TCC chez l’enfant et l’adolescent : Beaucoup des techniques cognitivo-comportementales développées et utilisées chez l’adulte ont été également appliquées à l’enfant et/ou l’adolescent. Dans le meilleur des cas, ces techniques ont été adaptées pour tenir compte des particularités développementales liées à l’âge, et parfois des manuels spécifiques destinés aux enfants ou adolescents ont été publiés. Dans d’autres cas, les traitements sont utilisés tels quels, ou seulement modifiés à la discrétion du thérapeute. Malheureusement, certaines études sur l’efficacité de la TCC chez l’enfant ou l’adolescent ne précisent pas comment et dans quelle mesure des traitements initialement destinés à l’adulte ont été modifiés en fonction de l’âge des sujets traités. D’autres techniques cognitivo-comportementales ont été développées directement pour l’enfant ou l’adolescent, et dans des indications spécifiques à cette tranche d’âge.

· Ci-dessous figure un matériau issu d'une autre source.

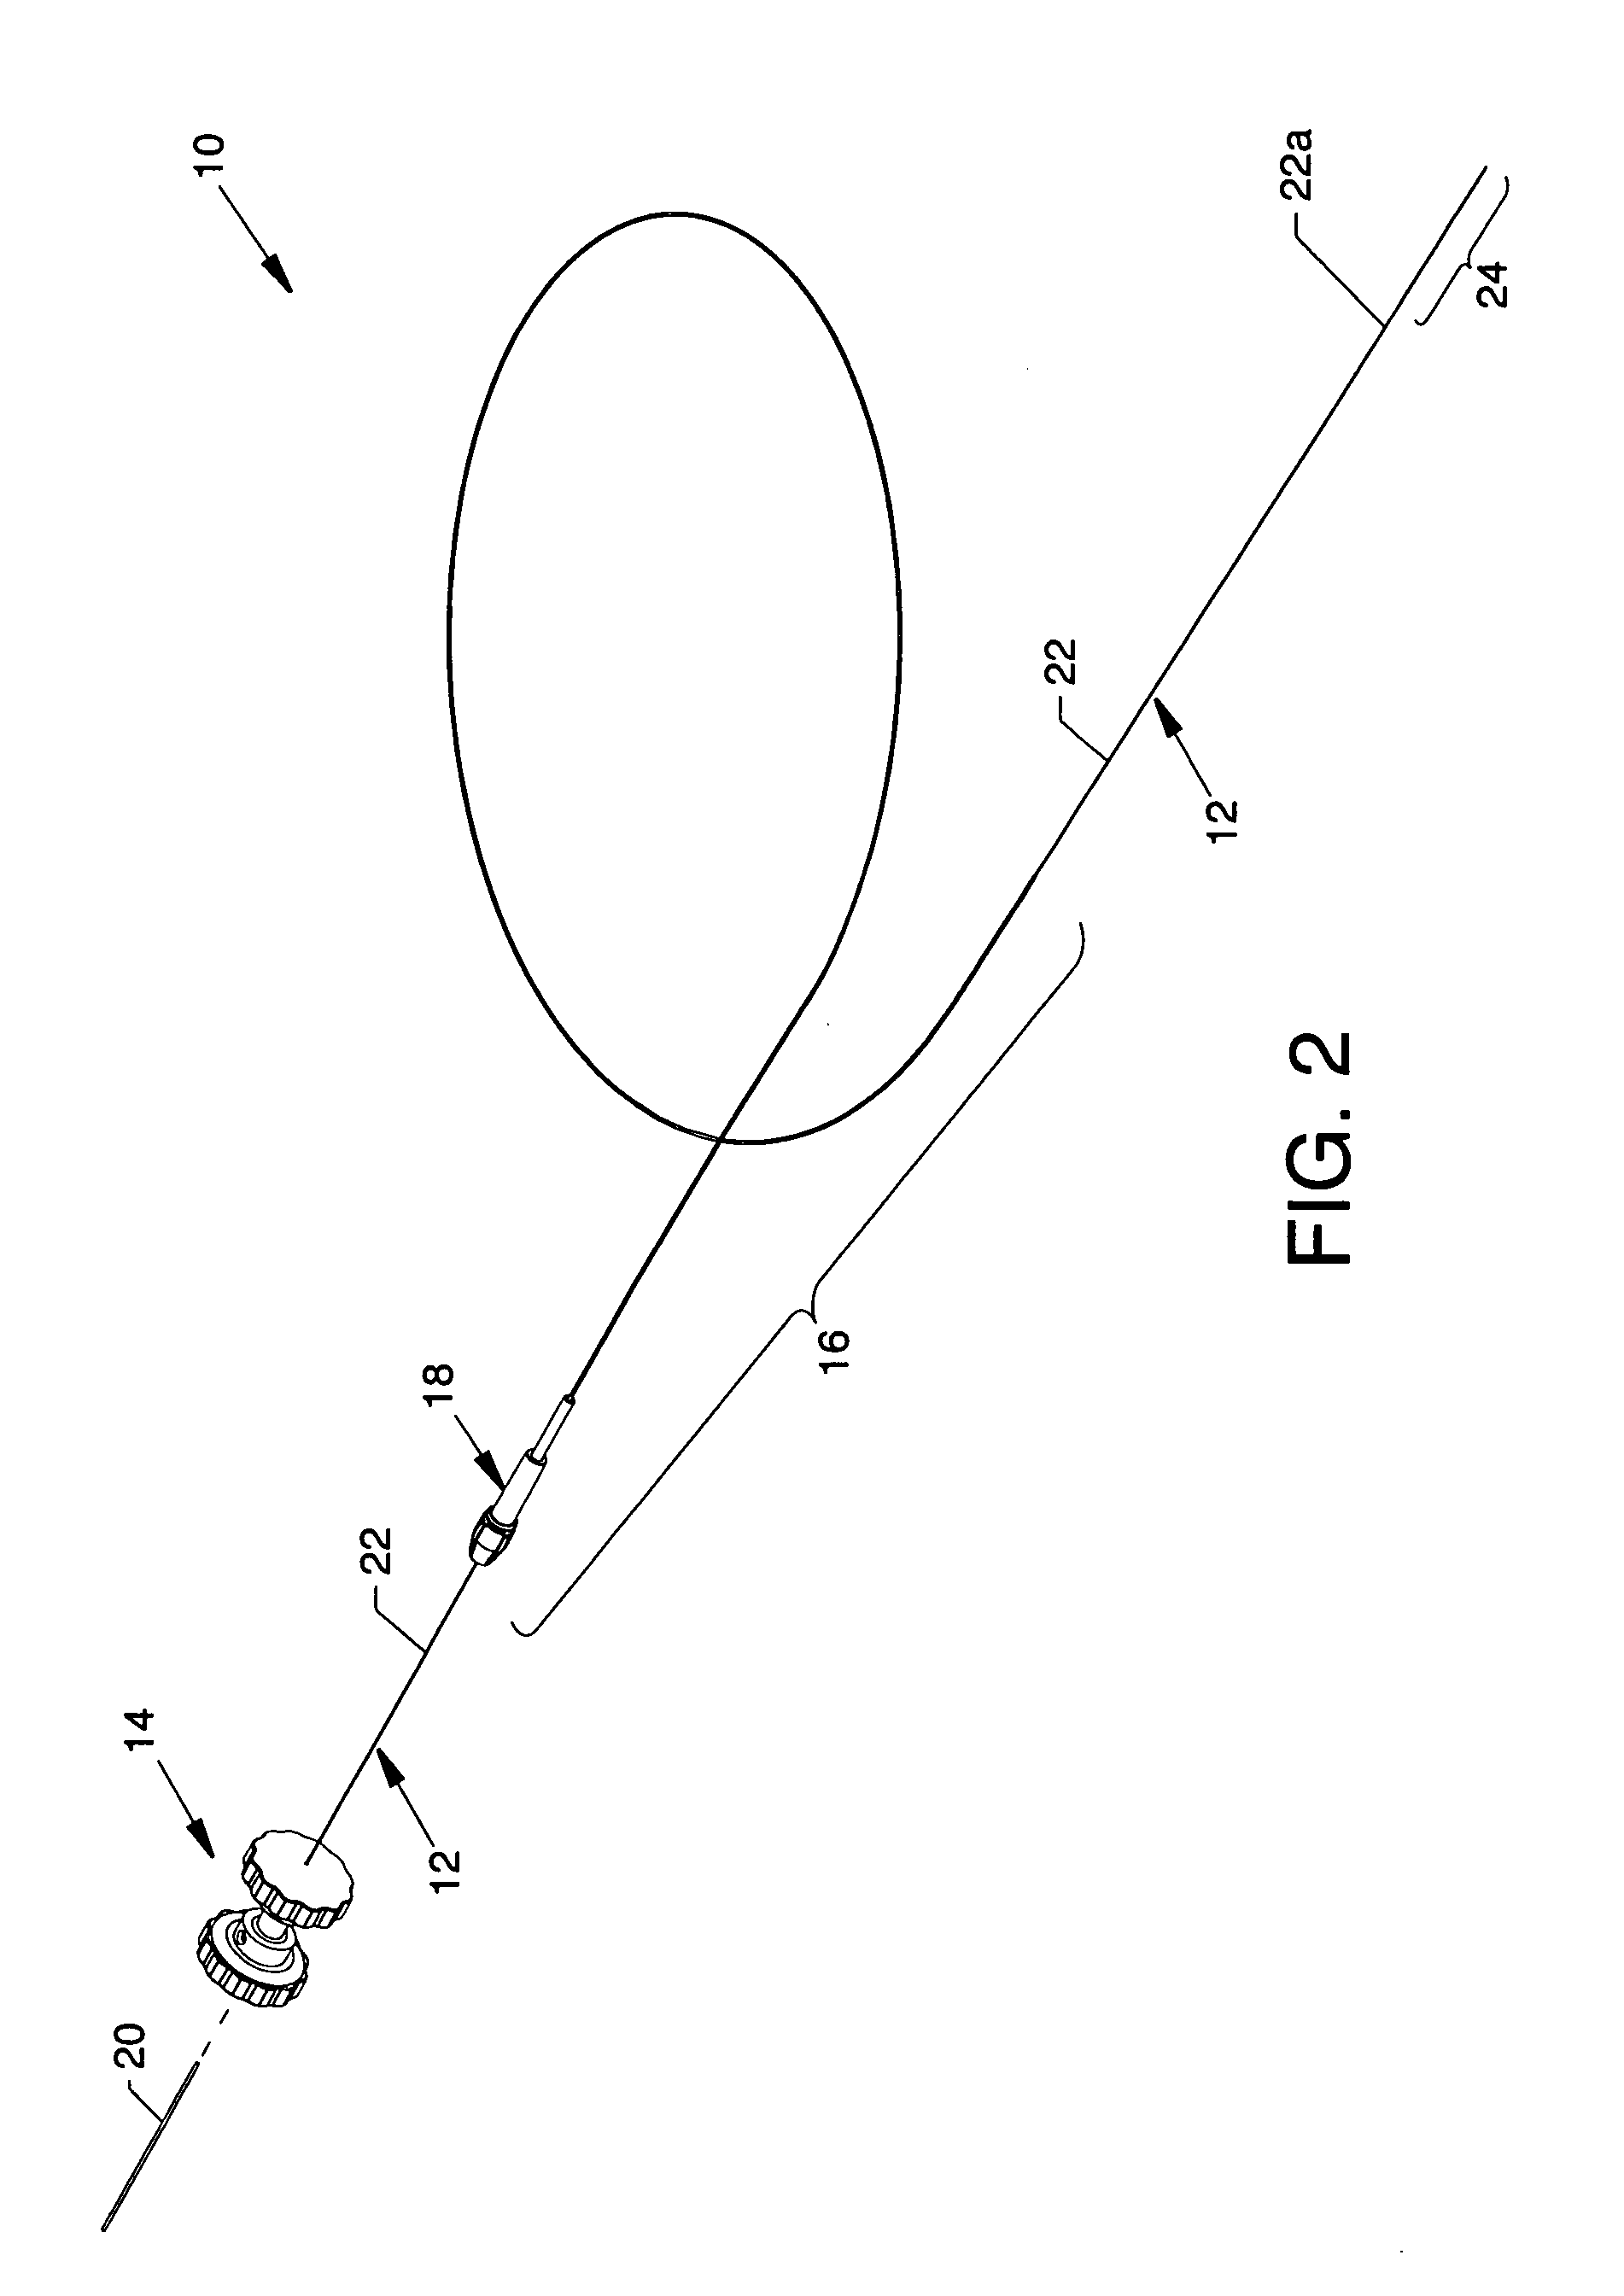 Infusion flow guidewire system

En conclusion, les TCC représentent l’application de la psychologie scientifique à la résolution des problèmes cliniques. Comme pour toute thérapie, elles prennent place dans un contrat de soins et à travers une relation thérapeutique, qui présente la caractéristique d’être une relation de collaboration empirique. Le fait que les TCC aient, dès leurs débuts, mis l’accent sur la validation scientifique des pratiques a permis le développement d’une culture de l’évaluation et la recherche des preuves d’efficacité. Ceci explique le nombre important des recherches contrôlées dans tous les domaines de la psychopathologie qui ont été conduites des années 1960 à nos jours sur l’efficacité et le processus des TCC.
BIBLIOGRAPHIE
COTTRAUX J. Les thérapies comportementales et cognitives. Masson, troisième édition, Paris 1998
COTTRAUX J. Les thérapies cognitives. Retz, deuxième édition, Paris 2001
COTTRAUX J, BLACKBURN IM. Thérapies cognitives des troubles de la personnalité. Masson, troisième édition, Paris 2001
JANET P. L’automatisme psychologique. 1889, Rééd. Odile Jacob, Paris 1999
PAVLOV I. Réflexes conditionnels et inhibition. Gonthier, Paris, 1963
ROGNANT J. La thérapeutique de déconditionnement dans les névroses. Masson, Paris 1970
SKINNER BF. L’analyse expérimentale du comportement. Dessart, Bruxelles 1971
WOLPE J. La pratique de la thérapie comportementale. Traduction de J. Rognant, Masson, Paris 1975.